▶ [How to complete this task] It would help if you retyped the data exactly, leaving out the pictures.

▶ [Information supplied]

* * *

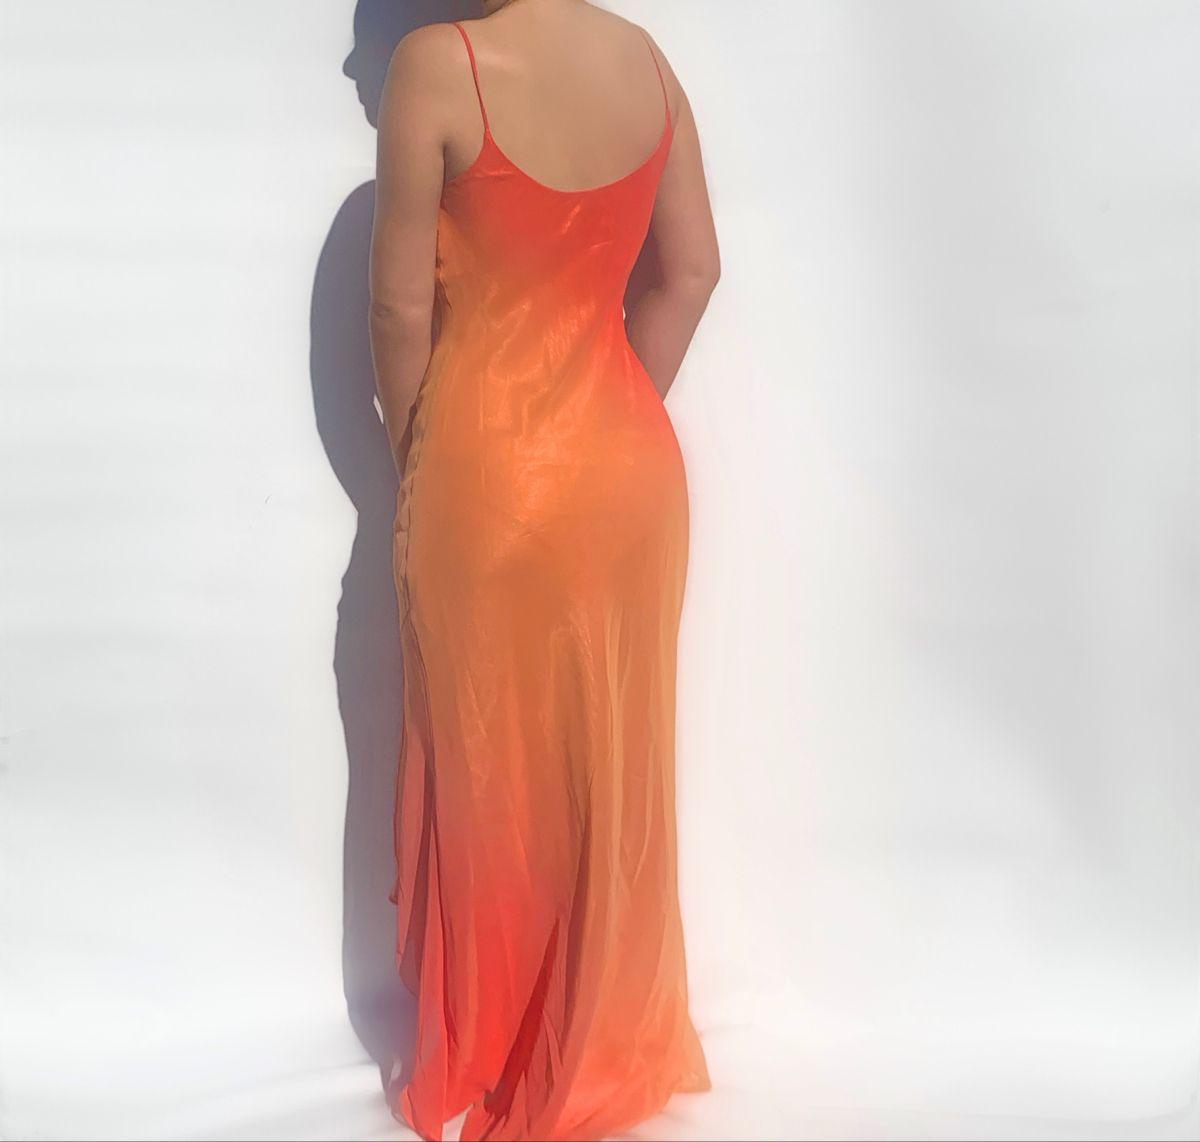 2000s Formal Dress In 2021 Fancy Dresses 90s Prom Dresses Dresses [ 1142 x 1200 Pixel ]
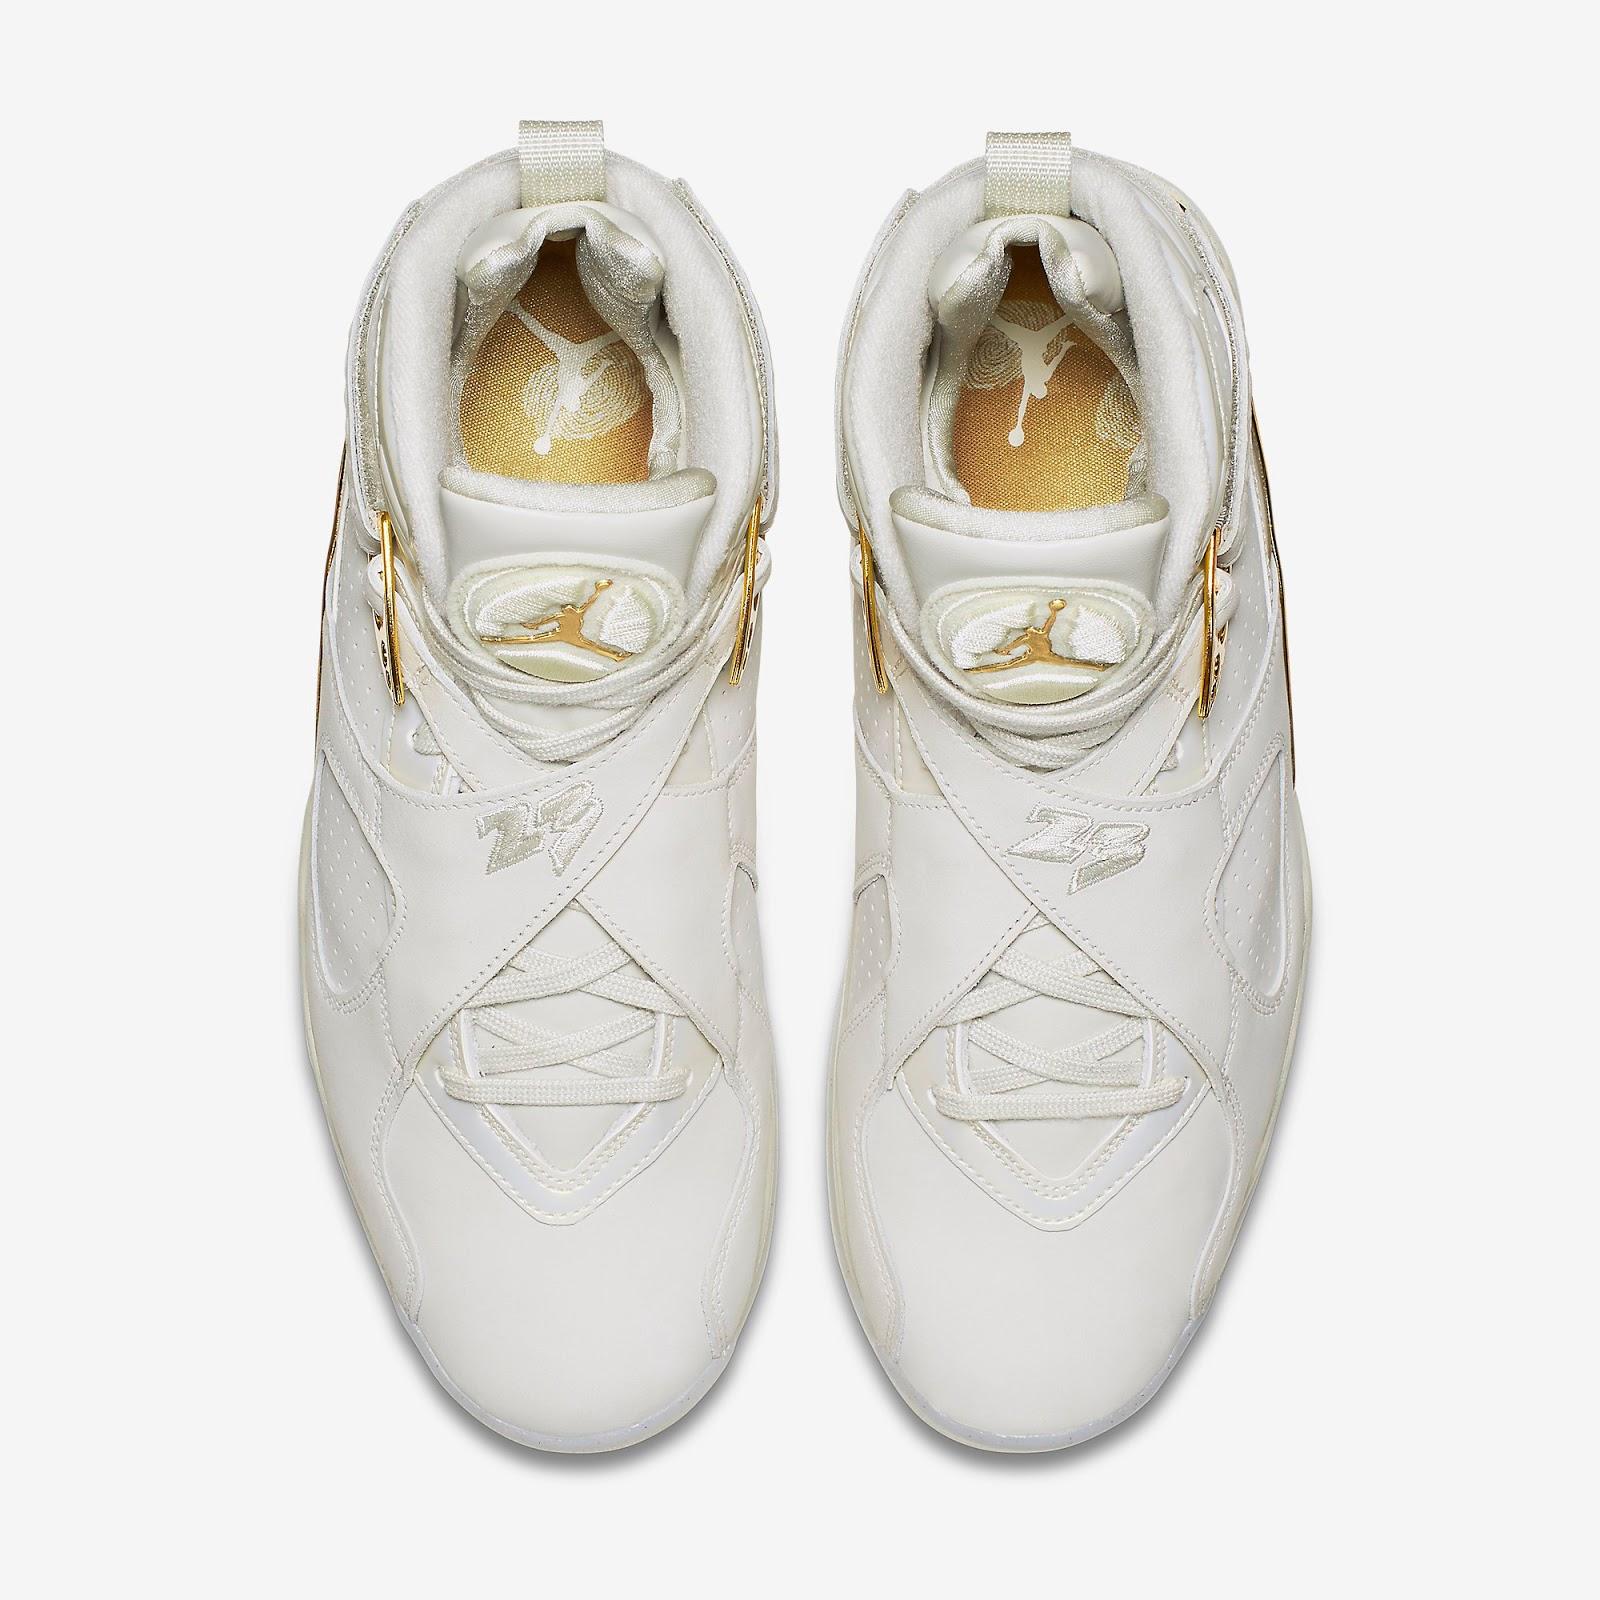 9f6a1d95f1f6 ajordanxi Your  1 Source For Sneaker Release Dates  Air Jordan 8 Retro C C
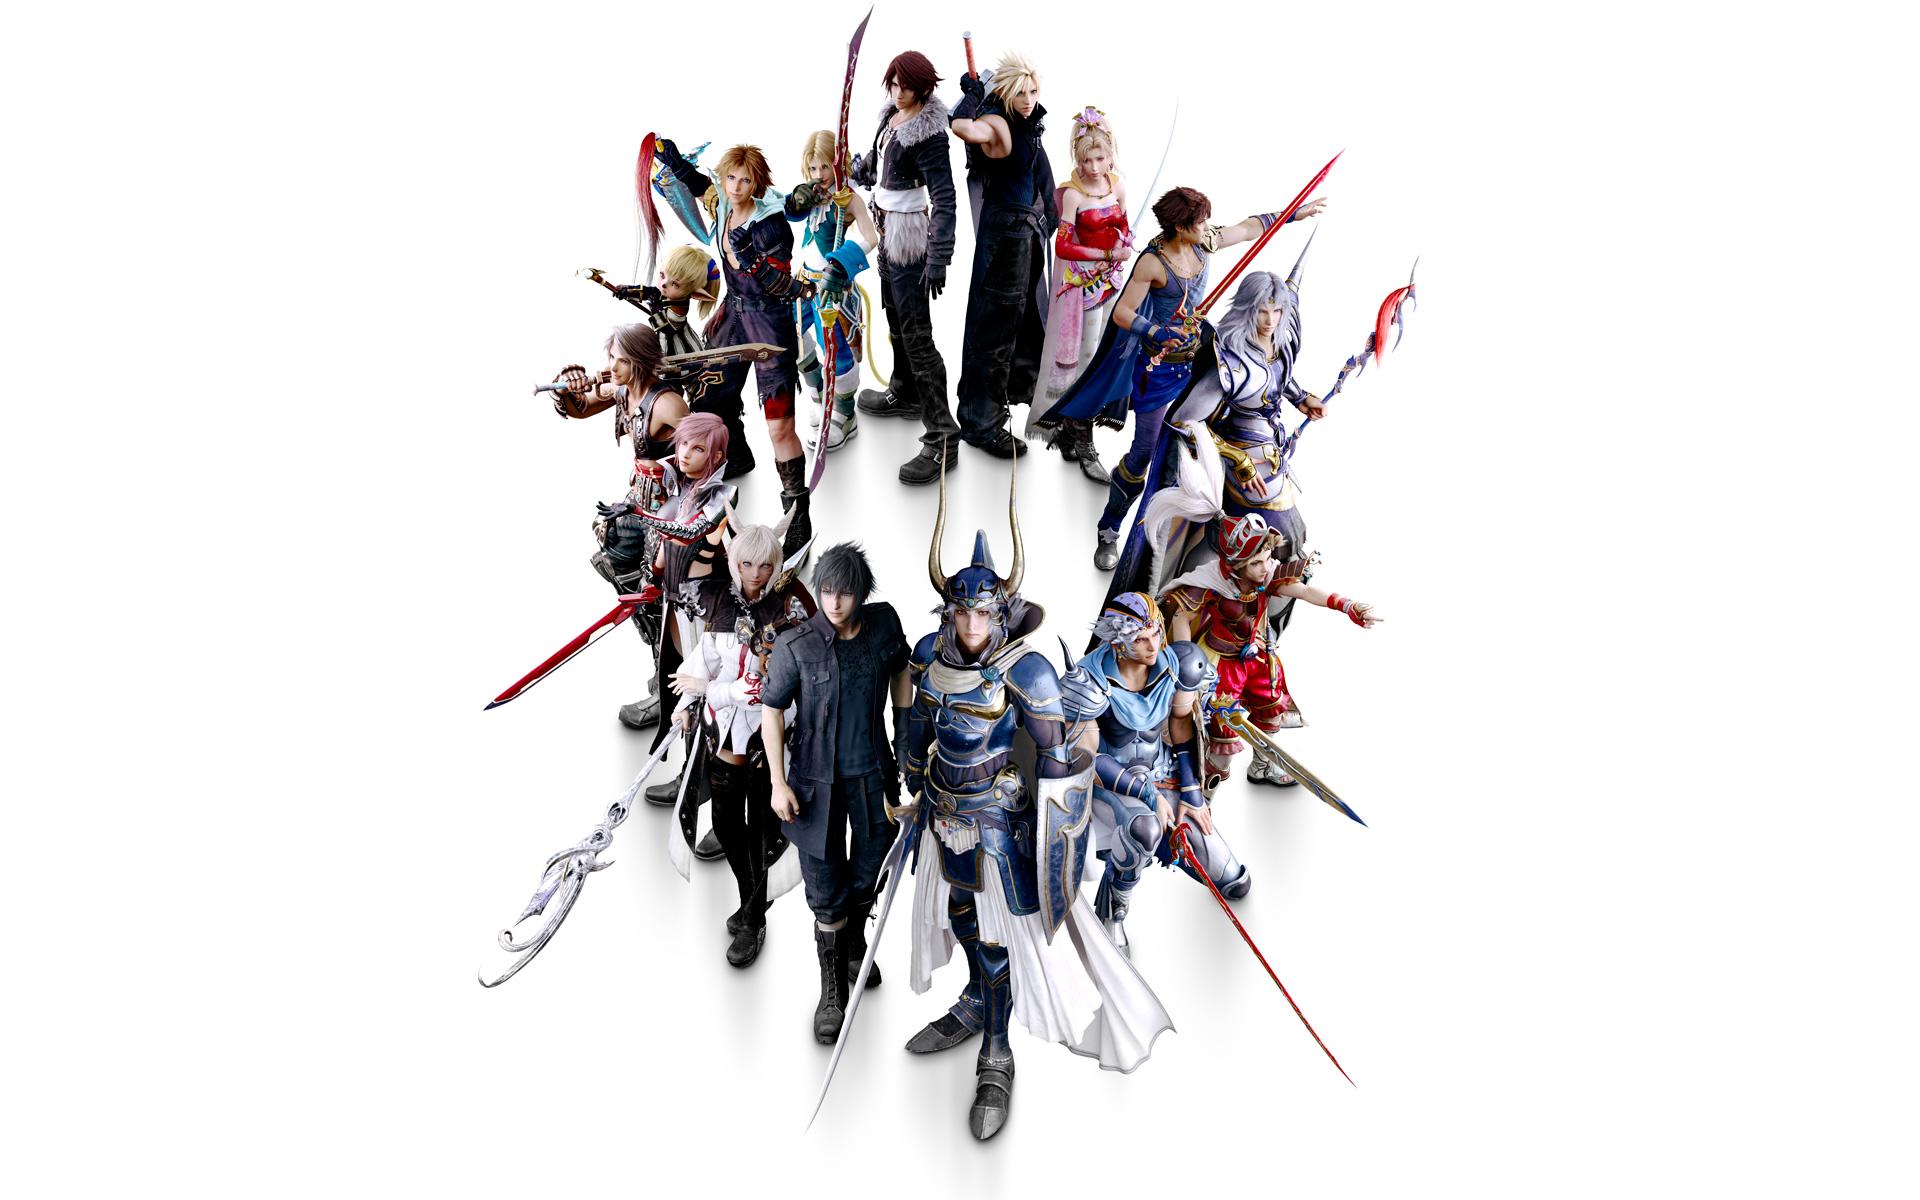 Free Dissidia Final Fantasy NT Wallpaper in 1920x1200

* * *

▶ [Task output]
 2000s Formal Dress In 2021 Fancy Dresses 90s Prom Dresses Dresses [ 1142 x 1200 Pixel ]
 9f6a1d95f1f6 ajordanxi Your  1 Source For Sneaker Release Dates  Air Jordan 8 Retro C C
 Free Dissidia Final Fantasy NT Wallpaper in 1920x1200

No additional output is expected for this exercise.